Last week, I wrote a piece detailing what I predict the future relationship between tech companies goCatch and UBER would begin to look like after the latest goCatch funding round. In the article I likened the tension in the Taxi industry right now being akin to that of the Fairfax “rivers of gold” war from the early Seek and Real Estate days.

The article I wrote last week never mentioned Hamish Petrie, founder of the other major player in the Taxi space ingogo.

At the time, I was fixated on the fact that goCatch that started out as the enemy numero uno of Taxi companies in Australia were potentially joining forces with those that wished them ill from the beginning – as well as the impact this could have on UBER’s future in Australia.

After an interesting conversation with Petrie on Friday afternoon, it became quite apparent to me that ingogo is perhaps not just the “taxi booking” application the media have been writing about and is in fact so much more.

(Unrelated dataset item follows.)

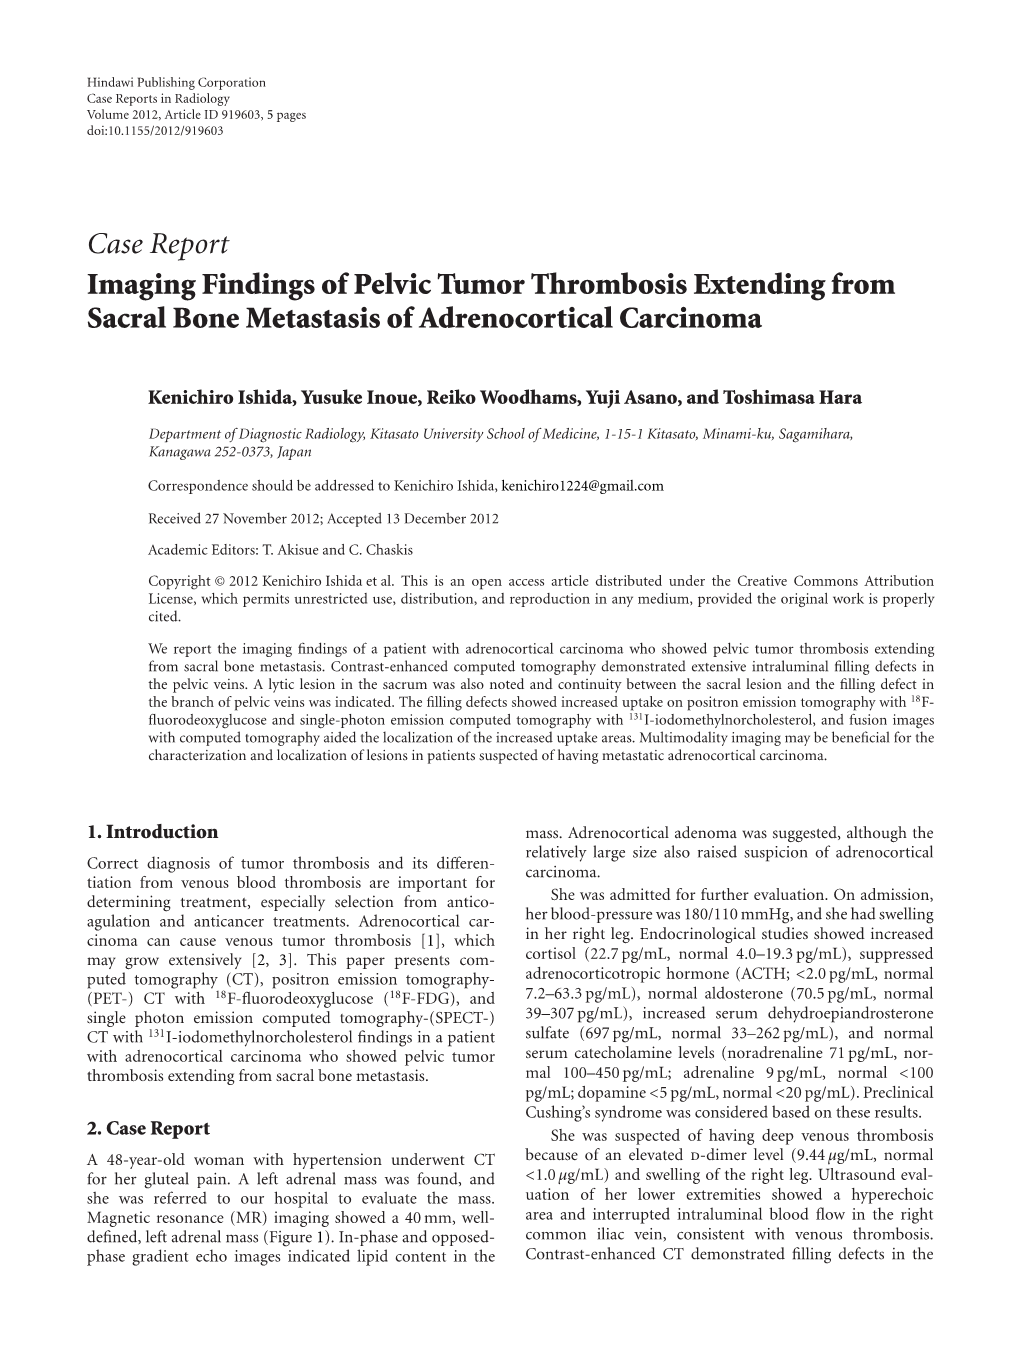 Case Report Imaging Findings of Pelvic Tumor Thrombosis Extending from Sacral Bone Metastasis of Adrenocortical Carcinoma

Actually their potential makes their number one competitor Cabcharge look a little bit like small fish.

It’s hardly surprising. Petrie is no spring chicken he is a seasoned entrepreneur and investor, has done the hard learning and had the big win selling his company Moshtix to News Limited back in 2007. He knows what he is doing, has a shit load of connections and when he says ingogo will IPO within the next 12 months, you can take that as fact, not startup optimism.

Unlike goCatch, Petrie has said that he has and will refuse any offer to get in bed with another Taxi company (goCatch are currently tied into a deal with GM Cabs) – he would even reject any offers of acquisition from a company like Cabcharge if they came his way.

When he first began the journey that is ingogo, Petrie received a $250,000 Commonwealth Government grant specifically to build a competitor to Cabcharge. I suppose you could say disruption of the status quo is the true mission he is on, not an easy build and flip situation.

Very soon Petrie will begin announcing a number of new key hires and will begin the process of a pre-IPO capital raise, this time it will be a lot more than the $7.1 million they have raised to date. In December 2013 when we first wrote about the potential for an IPO, I still thought of ingogo as just ‘another’ taxi booking app.

I no longer think that after getting a detailed run through of their hardware / software play.

What ingogo has done well is positioned themselves as a full service provider for taxi drivers that own their business. The hardware which is sleek, not bulky and from a customer perspective easier for drivers to use than bulky eftpos machines – is actually less than 10% of the cost of a normal full taxi fit out, which is usually north of $7,500.

The ingogo software within their hardware also replaces multiple pieces of equipment a driver would usually have in the vehicle including bookings, collecting and cashing in payments as well as navigation to name a few.

It’s an end-to-end service provider for small business owners, and that is what makes them so investable. The taxi market and ingogo product is merely one vertical that can be catered to with their technologies.

Right now (not under the name ingogo) other verticals are being tested out and are doing really well. Petrie is determined to own the taxi space first though before diverting his attention elsewhere.

From my conversation, we should expect to see a number of different businesses across different industries using the same technology and hardware as ingogo in the future.

The big question is will the company IPO as Ingogo Pty Ltd or as a parent company with ingogo and a number of other companies operating from within?

As for the Taxi wars, Petrie says he supports innovation all the way. He also says given the amount of time in took government to make a decision on booking apps, that he thinks the decision around ride sharing will also be a similar, long and arduous wait.

I suppose given their ‘real’ business model, neither decision actually hurts them. After all, ride sharing would actually just be creating another vertical for the company to sell to.